Large biomolecules rely on many weak attractions to create stable, functional shapes and assemblies. Understanding where these noncovalent interactions occur helps connect molecular-scale forces to properties like folding, binding, and material strength.

What “noncovalent” means in large biomolecules

Noncovalent interactions are individually small compared with covalent bonds, but biomolecules have many interaction sites, so the net effect can be large and highly structure-directing.

Common noncovalent interactions used by biomolecules

• London dispersion forces (LDF): Present between all atoms; become especially important across large surface areas (many contact points).

• Dipole–dipole attractions: Occur when polar groups align so partial charges attract.

• Hydrogen bonding: Directional attractions involving H bonded to electronegative atoms and lone pairs on electronegative atoms; often crucial for shape recognition.

Diagram identifying hydrogen-bond donors and acceptors in common functional groups and small molecules. This helps you determine whether two nearby biomolecular sites can form a hydrogen bond (requires a donor X–H and an acceptor lone pair, arranged with the right geometry). Source

• Electrostatic attractions (ionic “salt bridges” in biomolecules): Attractions between full charges on ionised side chains or groups.

• Repulsions also matter: Like-charge repulsion or steric crowding can prevent certain shapes and favour others.

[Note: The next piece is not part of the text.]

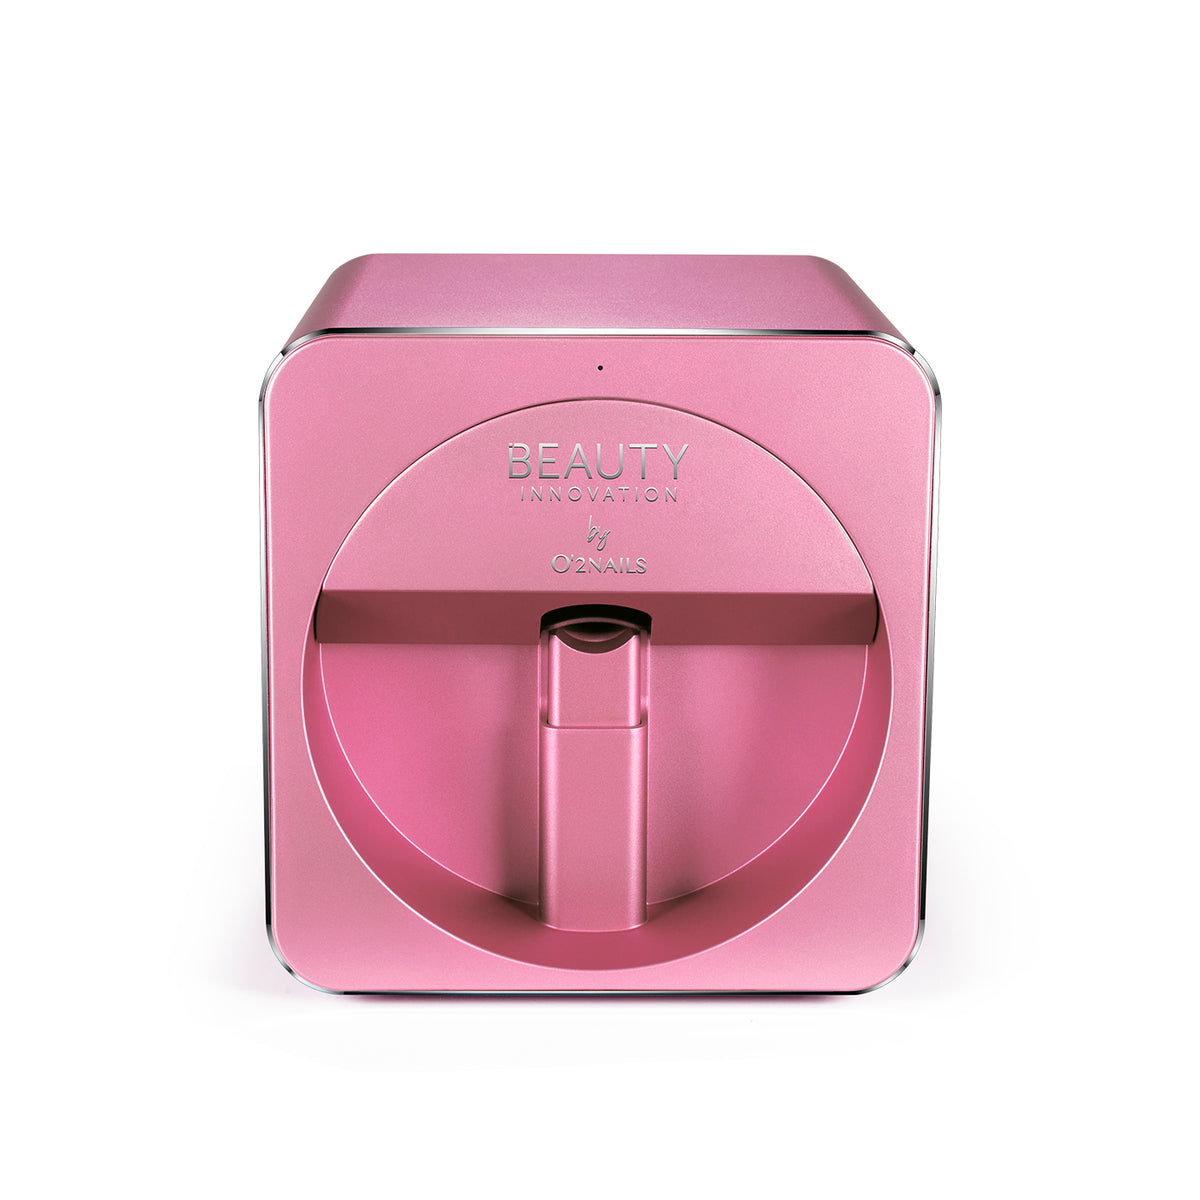 Replace Your Manicurist With This $500 Nail-Art Printer From Japan

Lennard–Jones potential energy curve showing an attractive well at intermediate separation (dominated by dispersion, proportional to $-1/r^6$ in the model) and a steep repulsive wall at short distances (electron-cloud overlap/Pauli repulsion). The minimum corresponds to the most energetically favorable contact distance, helping explain why tightly packed regions in folded biomolecules can be stable but cannot interpenetrate. Source

Noncovalent interactions within one large biomolecule (intramolecular)

The syllabus emphasises that noncovalent interactions can occur between different regions of the same large biomolecule. These long-range contacts stabilise specific 3D conformations.

Proteins: folding and internal organisation

• Proteins have many polar and nonpolar regions; folding brings distant segments into close proximity.

• Hydrogen bonds can stabilise repeated local patterns (for example, backbone interactions) and also help lock distant segments together.

• LDF contribute wherever parts of the chain pack closely (many atoms in contact), making tight packing energetically favourable.

• Electrostatic attractions between oppositely charged side chains can stabilise particular folds, while repulsions can destabilise them.

Nucleic acids: shape and recognition surfaces

• Within DNA or RNA, hydrogen bonding and dipole interactions help maintain consistent geometries and create grooves with specific patterns of partial charge.

• Stacking interactions between adjacent bases involve substantial LDF across large, flat surfaces, helping stabilise ordered structures.

Noncovalent interactions between biomolecules (intermolecular)

The syllabus also highlights noncovalent interactions between different molecules. Many biological functions are based on selective binding that is strong overall but reversible.

Molecular recognition (binding) is “many weak, well-placed forces”

• Binding sites are shaped so that multiple attractions occur at once: hydrogen bonds, dipole alignment, and extensive LDF contact.

• Specificity often comes from requiring the right spatial arrangement to satisfy several interactions simultaneously.

• Reversibility is enabled because individual interactions are weak; dissociation becomes possible when enough contacts are disrupted.

Larger assemblies and materials

• Biomolecular complexes (multi-protein assemblies, protein–nucleic acid complexes) are stabilised by networks of noncovalent interactions across interfaces.

• When large surfaces meet, LDF can become a dominant contribution due to the sheer number of atom–atom contacts.

• Noncovalent crosslinking between polymer-like biomolecules can influence macroscopic properties such as flexibility, viscosity, and toughness.

Interpreting biomolecule behaviour using intermolecular-force ideas

• If conditions reduce attractive interactions (or increase repulsions), shapes and assemblies can change.

• Because many interactions act together, a small change at multiple sites can significantly alter overall stability and function.

• A useful particulate-level mindset: identify charged regions, polar groups capable of alignment, and broad contact surfaces where LDF can accumulate.